When the disease enters your family
As an MD-PhD, Adam quickly came to understand ALS at the molecular level. As a son, he has lived alongside its progression.
He described how his understanding shifted from focusing on disease-modifying potential to prioritizing quality of life. While no therapy can yet stop the disease, symptom management, anticipatory care, and honest communication can still make a meaningful difference.
Adam spoke about the importance of clinicians who walk families through what may come next, not with false hope, but with preparedness. Knowing what symptoms might emerge, and knowing there are ways to manage them, can reduce fear and restore a sense of agency.
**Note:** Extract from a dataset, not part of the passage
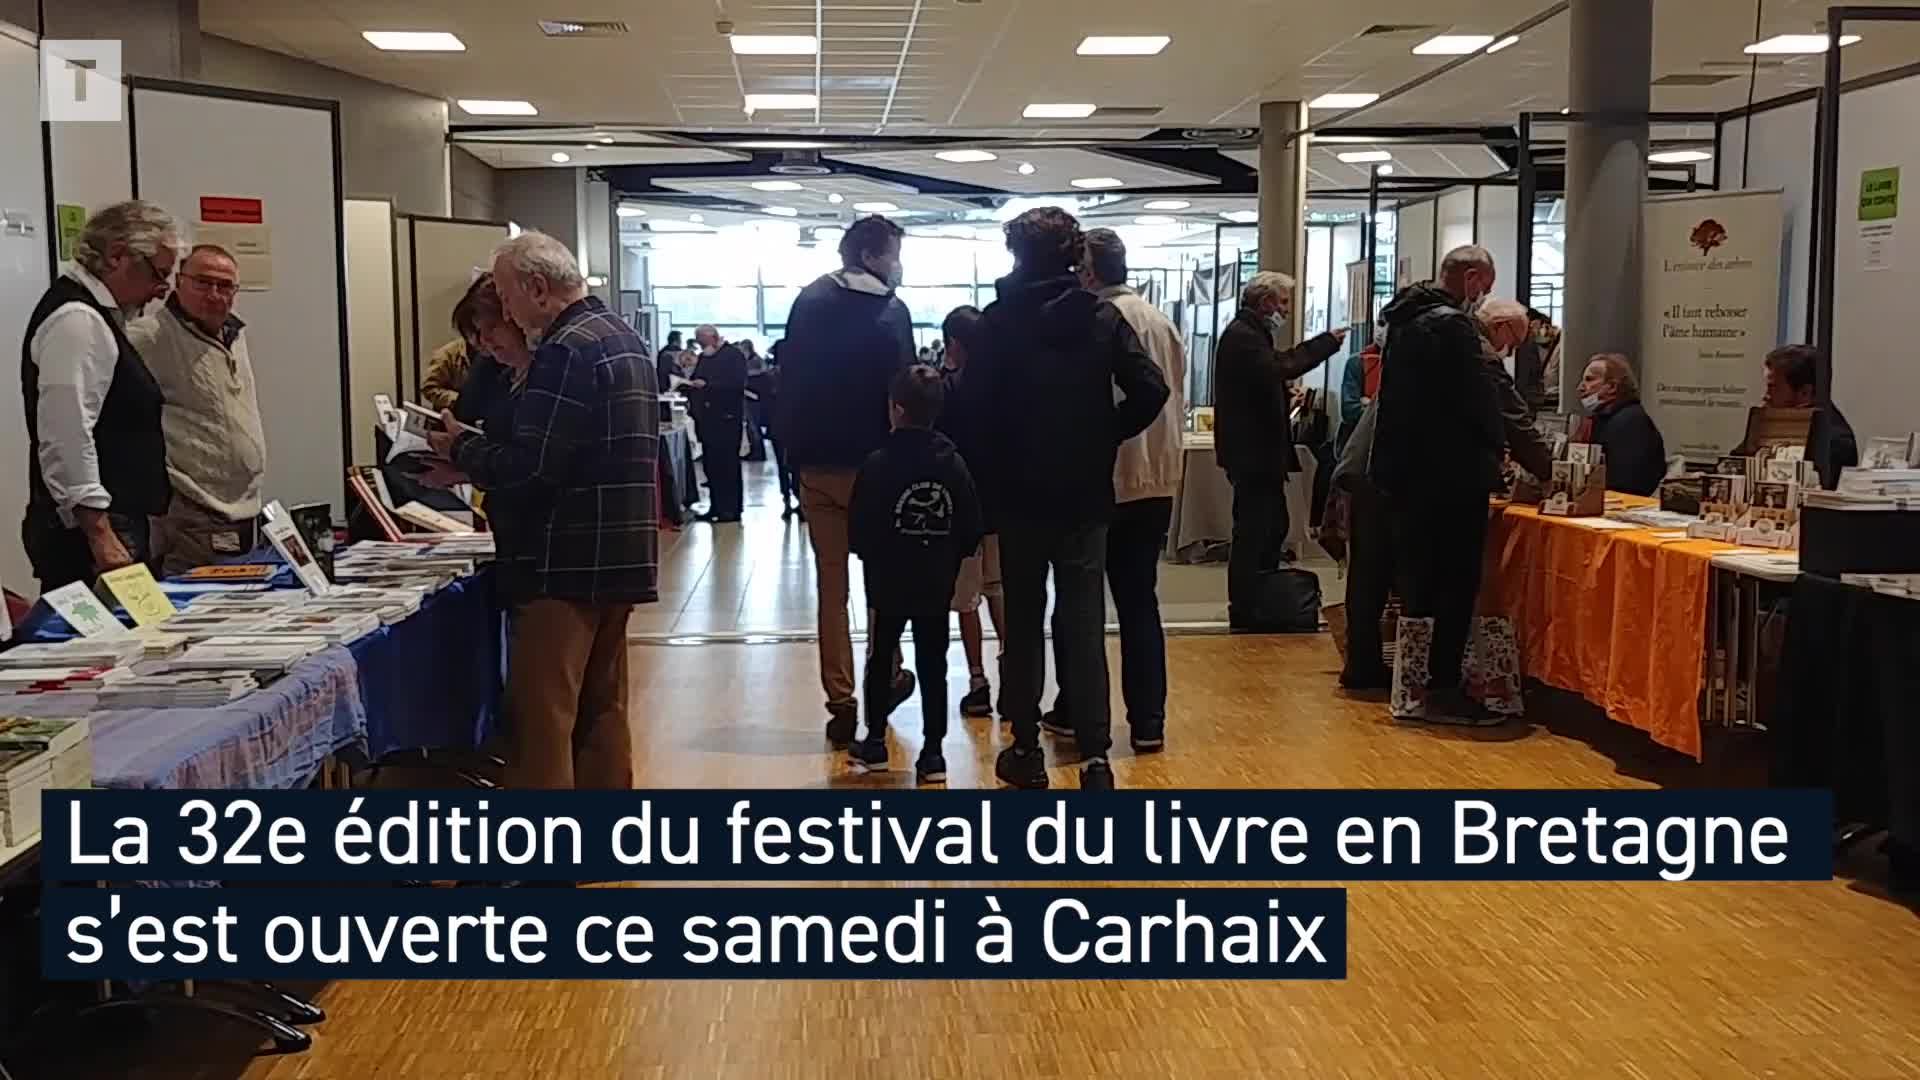 Le festival du livre en Bretagne de retour à Carhaix (Le Télégramme)

Emotionally, the adjustment was real. His mother, once highly social, began spending less time out and about. Speech became harder. Mobility increasingly required assistance. These changes are not theoretical, and they are not gradual in the way families wish they would be.
Genetics, knowledge, and hard questions
Adam also reflected on the complicated role of genetics in ALS. While only a minority of cases are driven by known genetic variants, those insights matter enormously for understanding disease mechanisms. He explained, “You need to understand the pathophysiology at the molecular level to treat the disease. Genetics is the first insight into that.”
At the same time, he said that genetic knowledge comes with emotional weight. Testing can raise questions not only about treatment options, but about risk for children and future generations. In oncology, genes like BRCA reshaped the management of disease when targeted therapies were approved, but only after years of painful uncertainty.
ALS, he said, is earlier in that journey. Genetics will be part of the answer, but not the whole one. Still, understanding disease biology at a molecular level is non-negotiable if effective treatments are ever to emerge.
Why Target ALS matters
Before ALS touched his own family, Adam knew of Target ALS through personal connections to Dan Doctoroff. What stood out to him, once he engaged more deeply, was not a single project or program, but the structure being built underneath the science.
He said what Target ALS is assembling looks like the foundation that enabled progress in oncology: shared resources, collaborative data platforms, and deep investment in enabling technologies like genomics and proteomics. Rather than isolated bets, it is an ecosystem designed to let many ideas advance faster.
From his vantage point, that approach is not optional. History suggests it is the only path that has ever worked at scale.